▶ [THE DATA]
══════

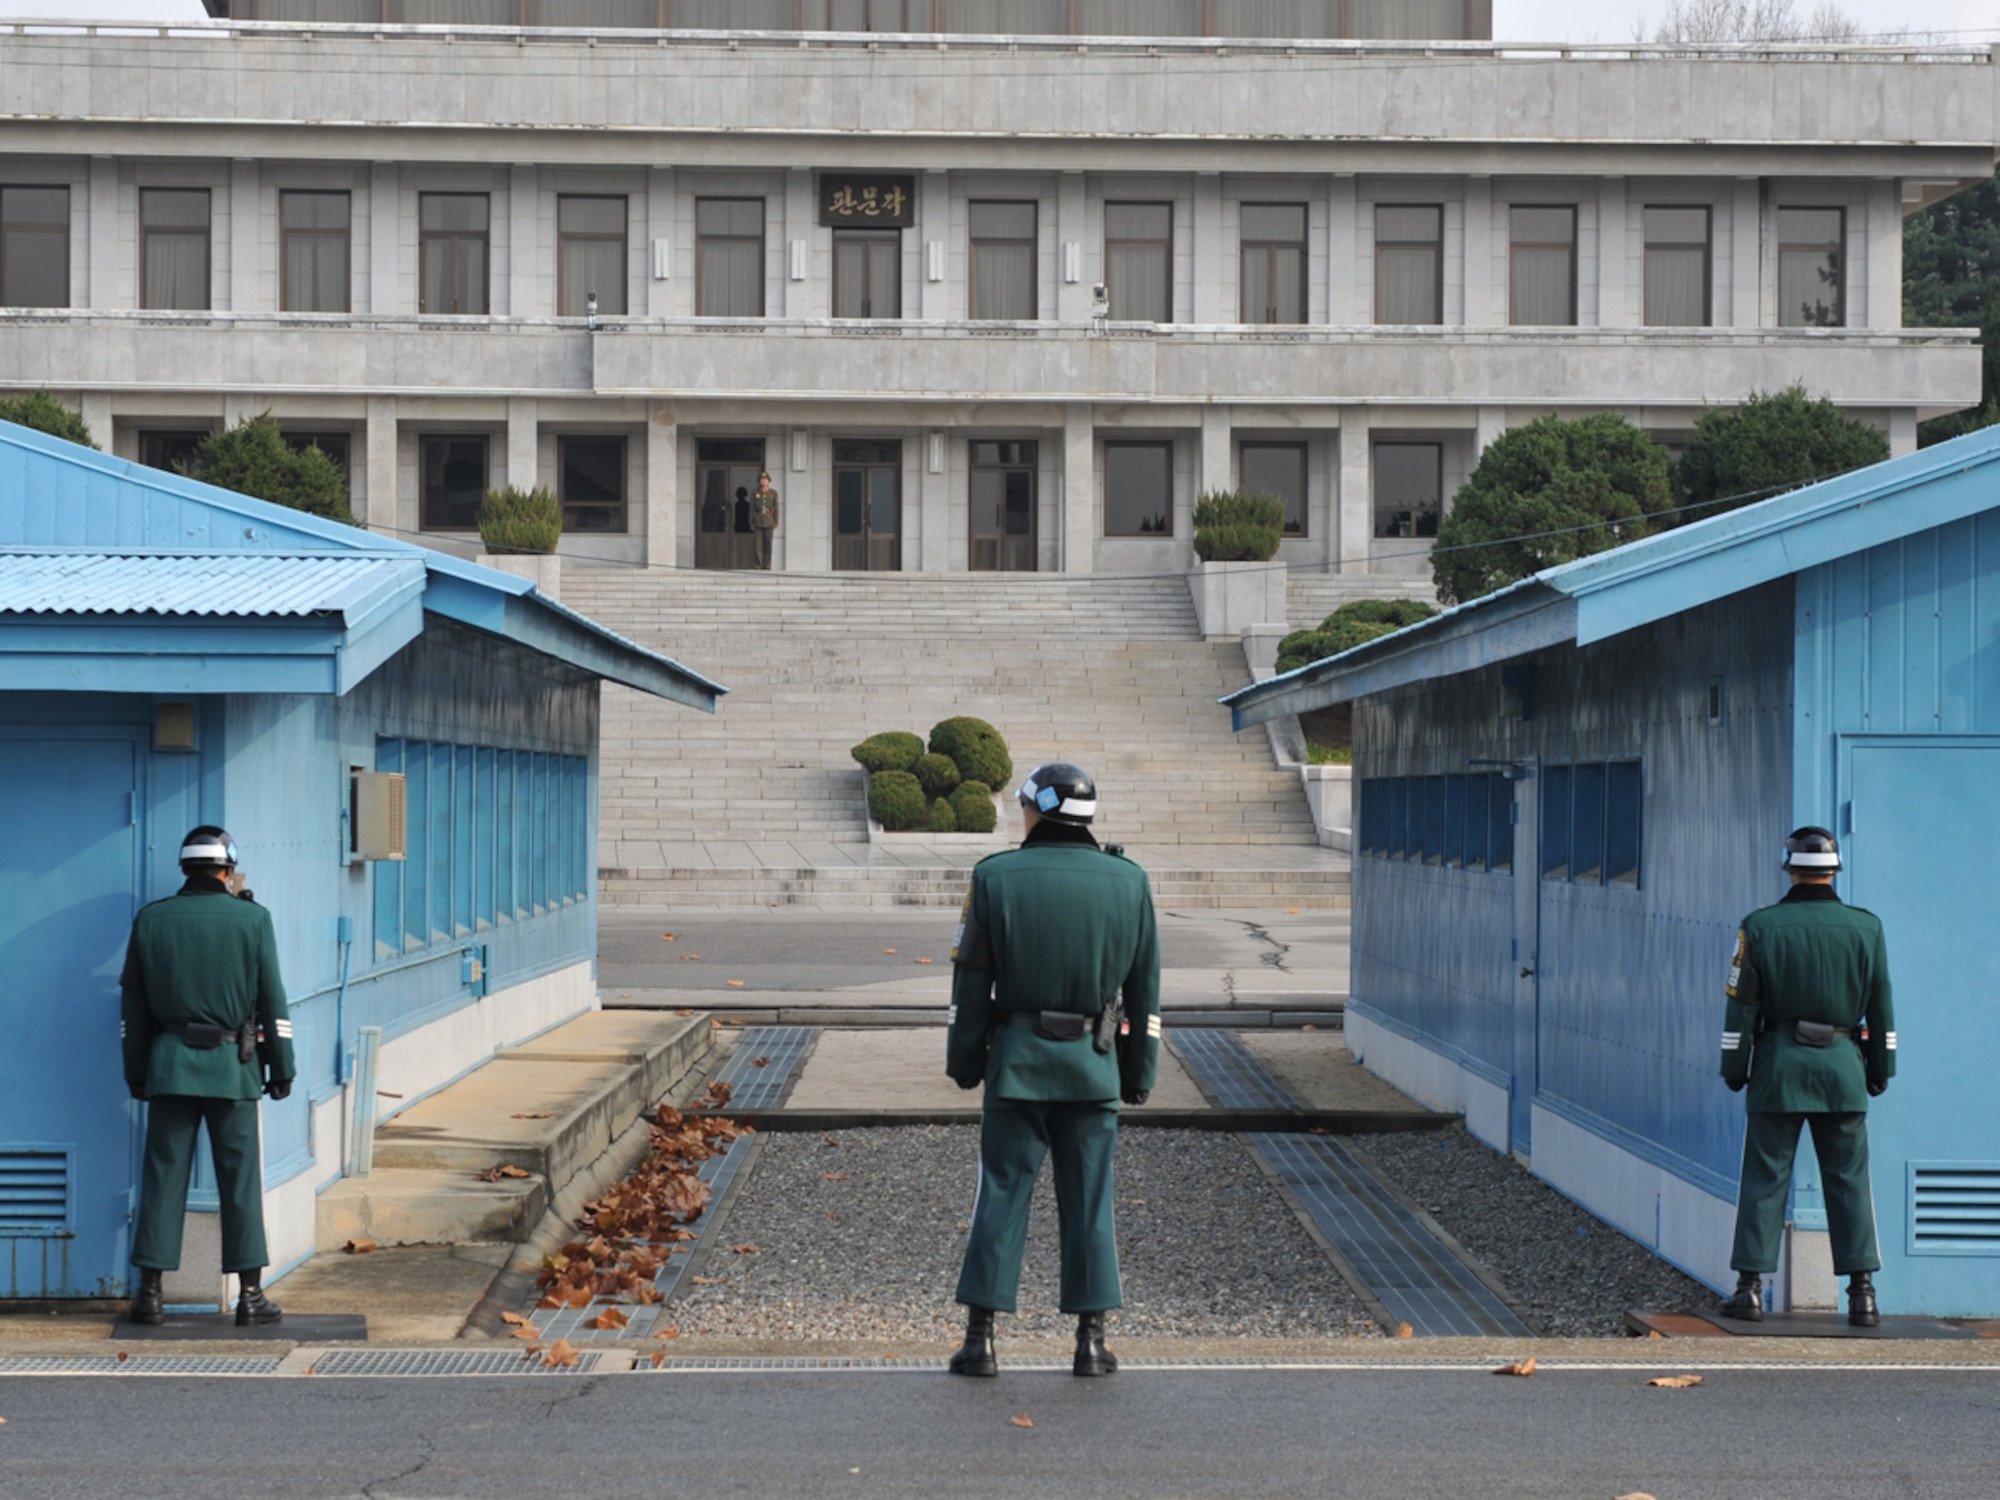 The Korean Demilitarized Zone and Joint Security Area were created by the armistice that was signed in 1953. (U.S. Army photo/Sgt. Park Youngho)
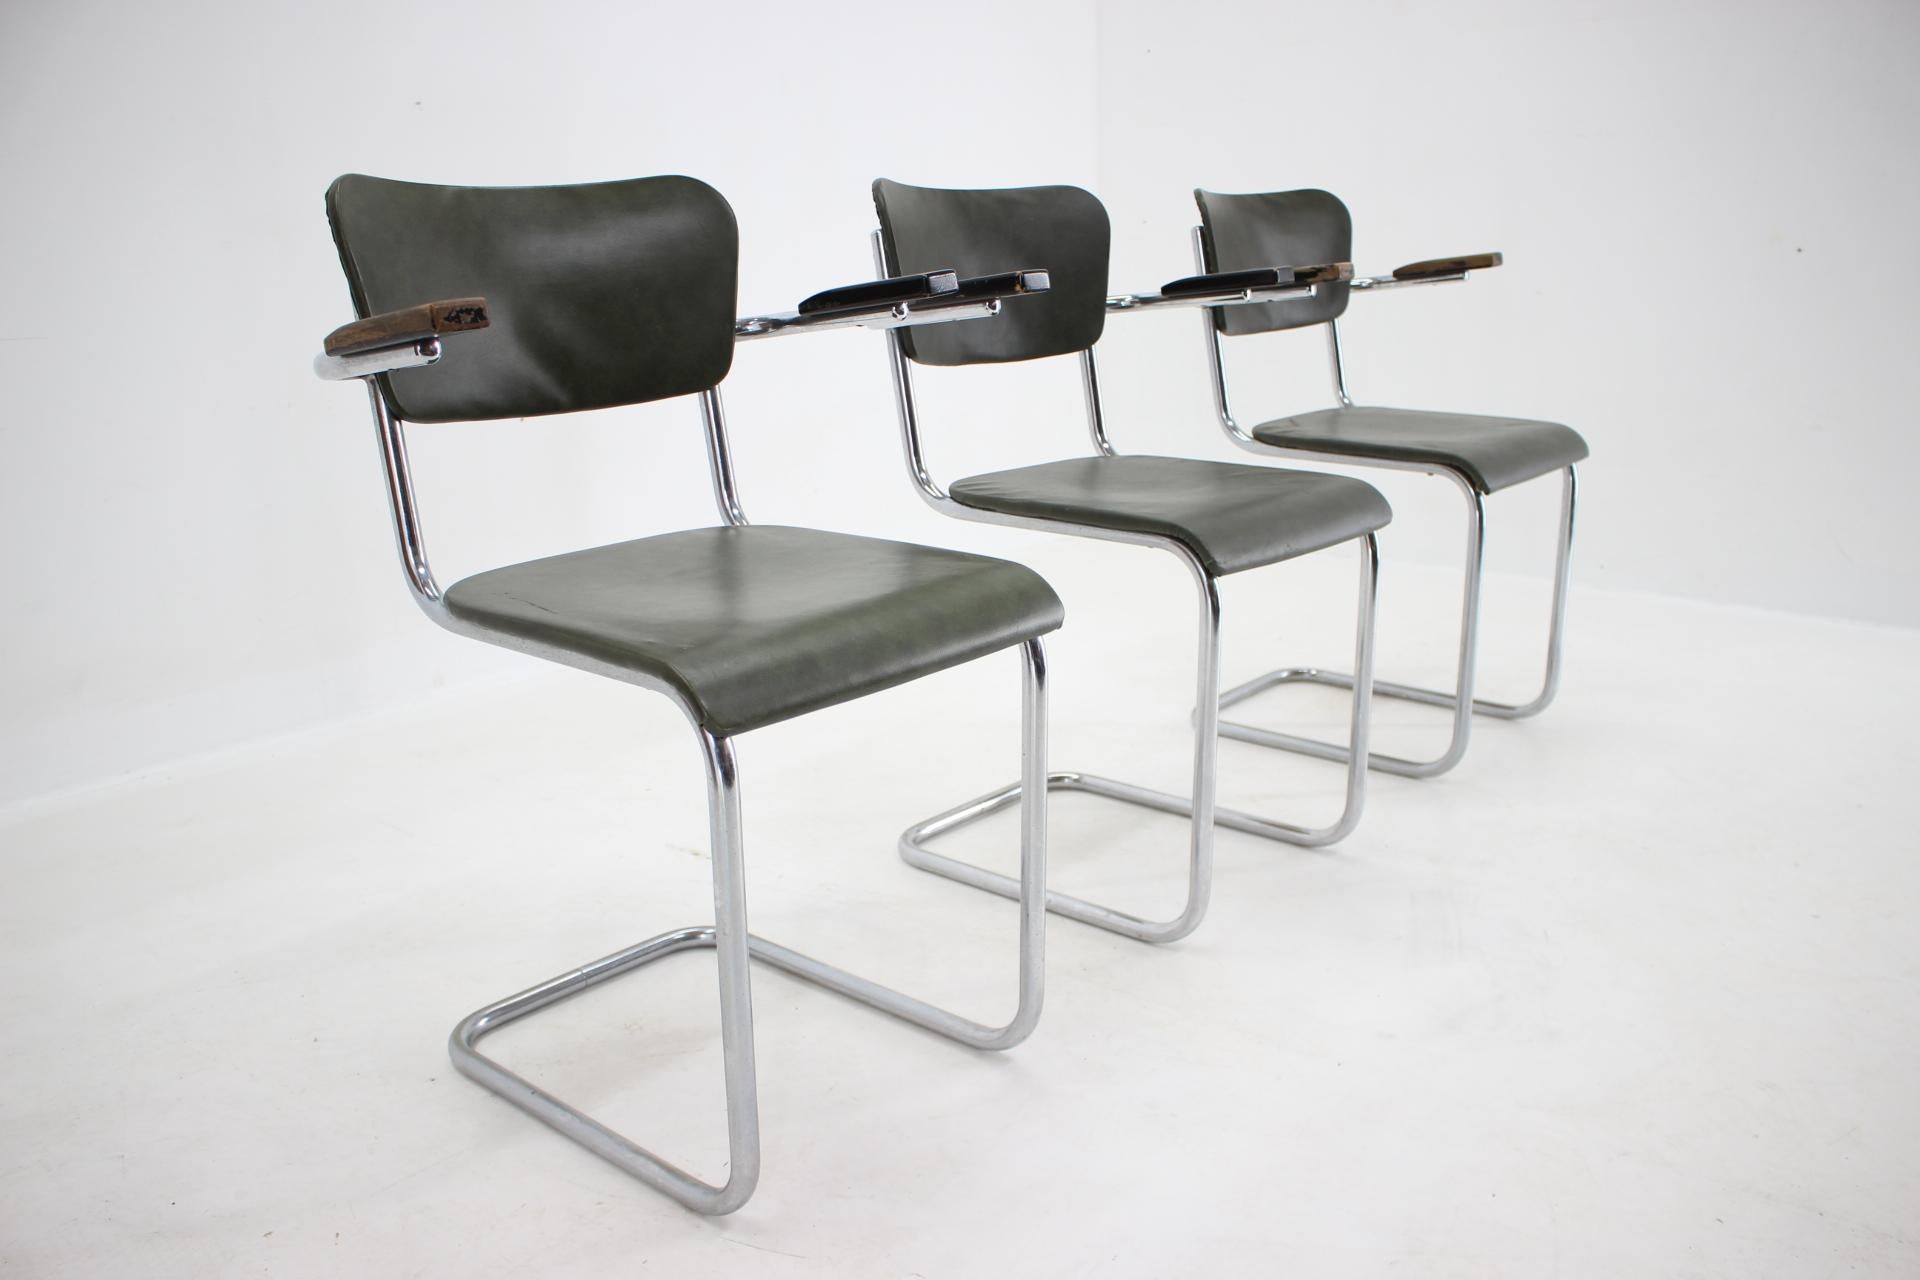 German Set of Three Bauhaus Chrome Dining Chairs by Mauser, 1940s For Sale
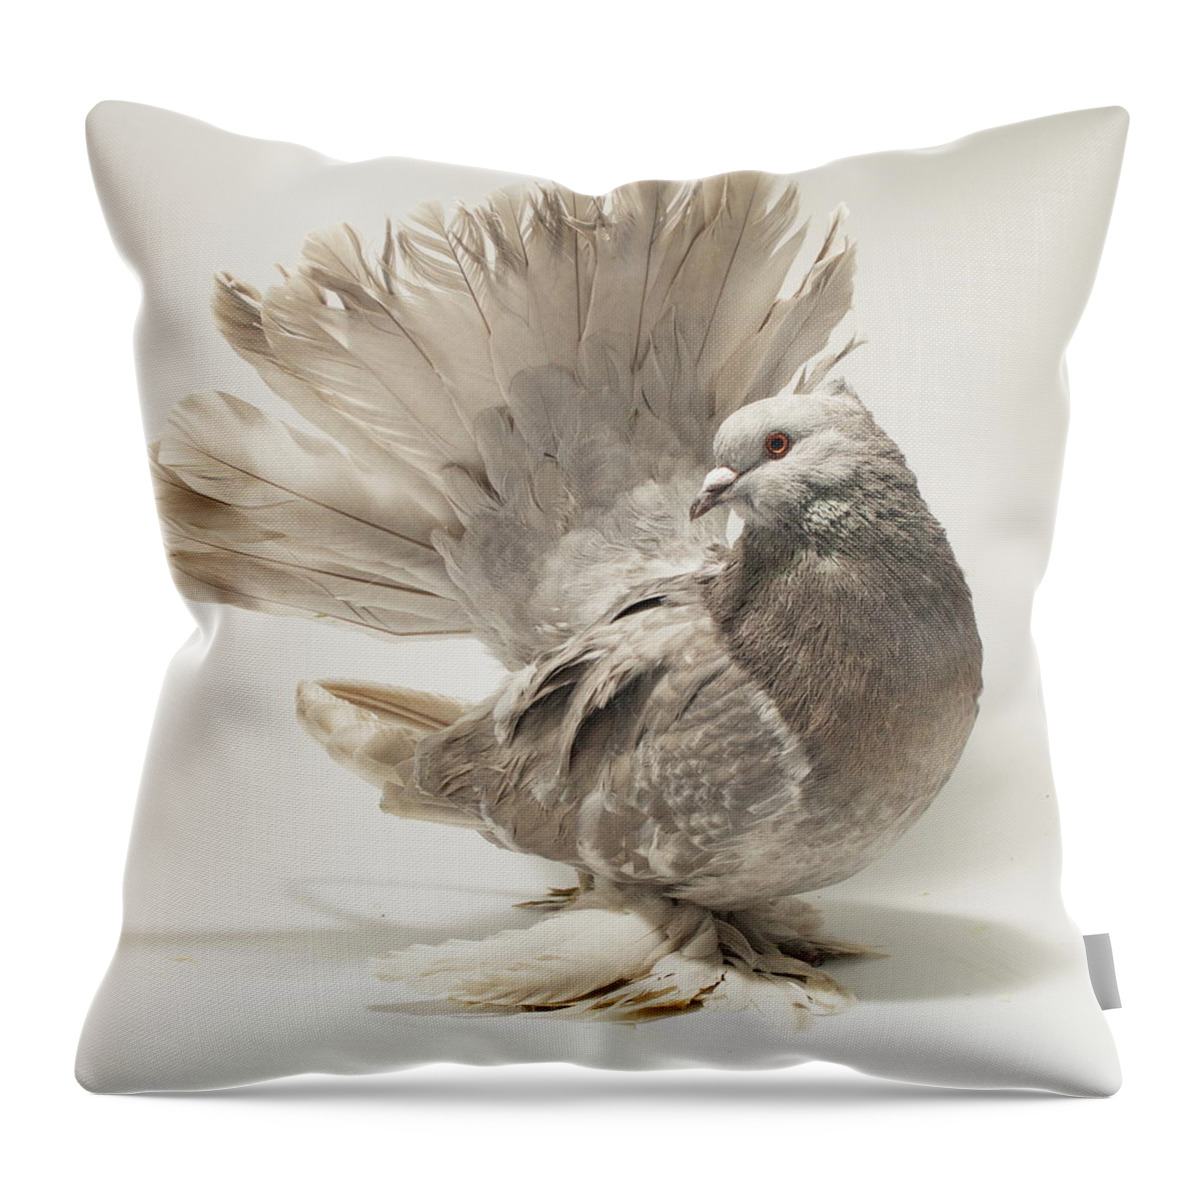 Bird Throw Pillow featuring the photograph Indian Fantail Pigeon #3 by Nathan Abbott

══════

▶ [THE TASK] Would you retype the material exactly, omitting each picture?

▶ [SOLVED EXERCISE]
 The Korean Demilitarized Zone and Joint Security Area were created by the armistice that was signed in 1953. (U.S. Army photo/Sgt. Park Youngho)
 German Set of Three Bauhaus Chrome Dining Chairs by Mauser, 1940s For Sale
 Bird Throw Pillow featuring the photograph Indian Fantail Pigeon #3 by Nathan Abbott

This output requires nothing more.